Чертова кукла. Роман-царевич — страница 34 из 75

– Видел графиню? – спросил Сменцев, который сидел рядом с хозяином. Сменцев был в такой же синей косоворотке, очень, однако, приличной и красиво облегающей широкие его плечи.

– А ты разве… Да, ты знаешь ее сиятельство. Был, был я на минутку с докладом, вот насчет того, что внучка ее к нам прибыла и находится в вожделенном здравии. Сама графиня доклада потребовала.

– Могли бы и не трудиться, – холодно сказала девушка, которую Хованский называл гоголевской Улинькой – сияющим видением, дети – просто звали Улей, тетя Катя – Лилей, а бабушка и отец – Литтой.

– Бабушка-графиня вам не нравится, Юлитта Николаевна? – удивленно сказал Сменцев и поднял длинные, тонкие брови. – Изумительная она, графиня.

Литта поглядела строго.

– Что значит «не нравится»? Не понимаю.

И, обратившись к Алексею Алексеевичу, прибавила:

– Бабушка до сих пор не стесняла меня излишней заботливостью, я и за границу ездила одна. Не понимаю, что это вдруг. К вам нынче едва отпустила.

– Сильно она переменилась, – задумчиво сказала тетя Катя, – не постарела, а скорей помолодела. Я, впрочем, редко у нее бываю. Родня мы дальняя…

Разговор на минуту сник. Литта, скучная, глядела в тарелку. Хованскому было неприятно, что он как будто расстроил девушку, хотя не понимал – чем.

Был благодарен Сменцеву, когда тот заговорил о постороннем.

Роман Иванович не молчалив. Правда, споров он избегает, но рассказывает охотно и весело.

– Катерина Павловна, – говорит он, – не странно ли, что я Алексея сто лет знаю, а с вами до последнего времени почти не знаком был?

– Да, – мечтательно сказала Катя. – Я помню, какие мне тогда из Петербурга Алексей о вас письма писал. Восторженные. Я ничего понять не могла, но очень жаждала с вами познакомиться. И не вышло. Приехала в Петербург, а вас уже там нет.

– Да, друг, скоро тебя тогда убрали: я и не опомнился. Девятнадцатилетнего мальчишку, первокурсника…

– Вы где были в ссылке? – спросила вдруг Литта.

– В местах не столь отдаленных. Да я не жалею. Рад, что сразу же, без проволочек это случилось и по пустяшному поводу. Успел без потери времени, на свободе, и продумать нужное и прочувствовать.

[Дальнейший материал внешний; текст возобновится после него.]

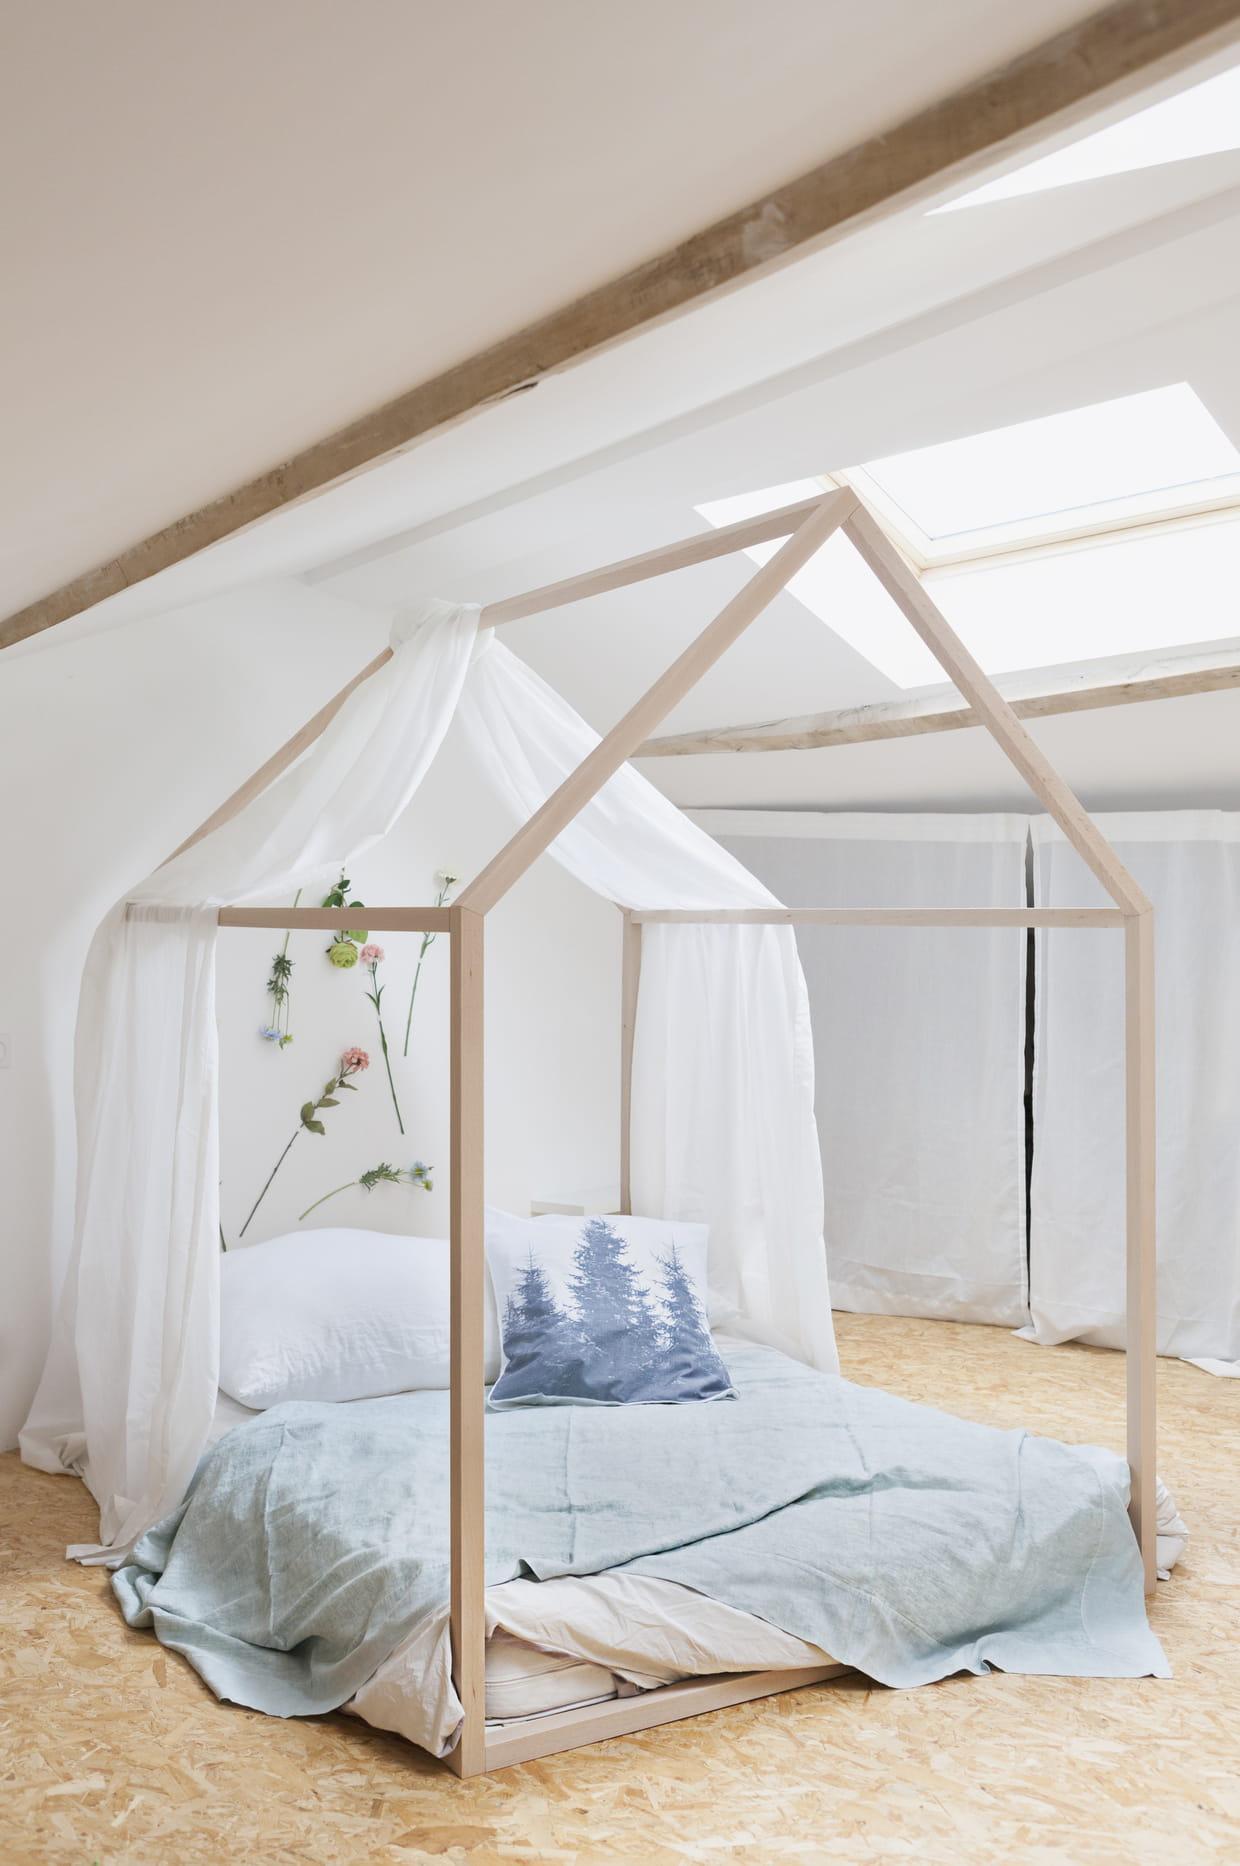 lit cabane dreamer par blomkal. Black Bedroom Furniture Sets. Home Design Ideas

Катерина Павловна засмеялась.

– Это в ссылке-то – «на свободе»?

– А еще бы. Чего лучше: одиночество, отсутствие всякой среды, – среда в юности очень влияет, – полная самостоятельность (я ведь не в тюрьме сидел) и полное отсутствие денег. Прекрасные условия для того, чтобы выработать характер и научиться думать.

– Пустяки, – сказал Алексей Алексеевич и слабо махнул рукой. – И мы в молодости… второй курс в институте пребуйный у нас был… Меня раза три засаживали… Кое-кого и высылали… Вернувшись, позлобились слегка, – после так же, как другие, в свое время угомонились…

Роман Иванович резко, неожиданно засмеялся.

– Да ты понимаешь ли, что говоришь? – крикнул он, вставая.

Встали все, обед кончился. Шли пить кофе на другой конец террасы, где он был уже приготовлен на плетеном столике.

– Угомонились! – продолжал Сменцев. – На втором курсе пошалили – и довольно? Вот тут и беда наша, корень бед, что вся интеллигентная Россия только шалит на вторых курсах, а зрелому человеку, видите ли, не до пустяков, он о своем гнезде подумывает, он службу ищет, дело похлебнее, птенцов кормить, – самому позабавиться, либо попокоиться…

– Что ты? О чем ты? – в удивлении сказал Хованский, закуривая сигару.

– О том, что студент наш смотрит на учение не как на дело, он «пребывает» в университете, потому что это нужно для будущего его самоустроения; и развлекается, от безделья, делами «общественными». Молодость требует развлечения! Но ведь надо же помнить, что это стыдно.

Алексей Алексеевич рассердился, хотел что-то сказать, но Литта подошла близко к Сменцеву и спросила:

– Что стыдно? И кому?

– Стыдно прежде всего недорослям, которые хватаются за общественные дела как за временное развлечение. Но стыдно и всем нам… всем зрелым российским обывателям… Ведь благодаря их своевременному «угомону», дела общественные и переданы в ведение недоучкам, как одно из увлекательных занятий для молодежи.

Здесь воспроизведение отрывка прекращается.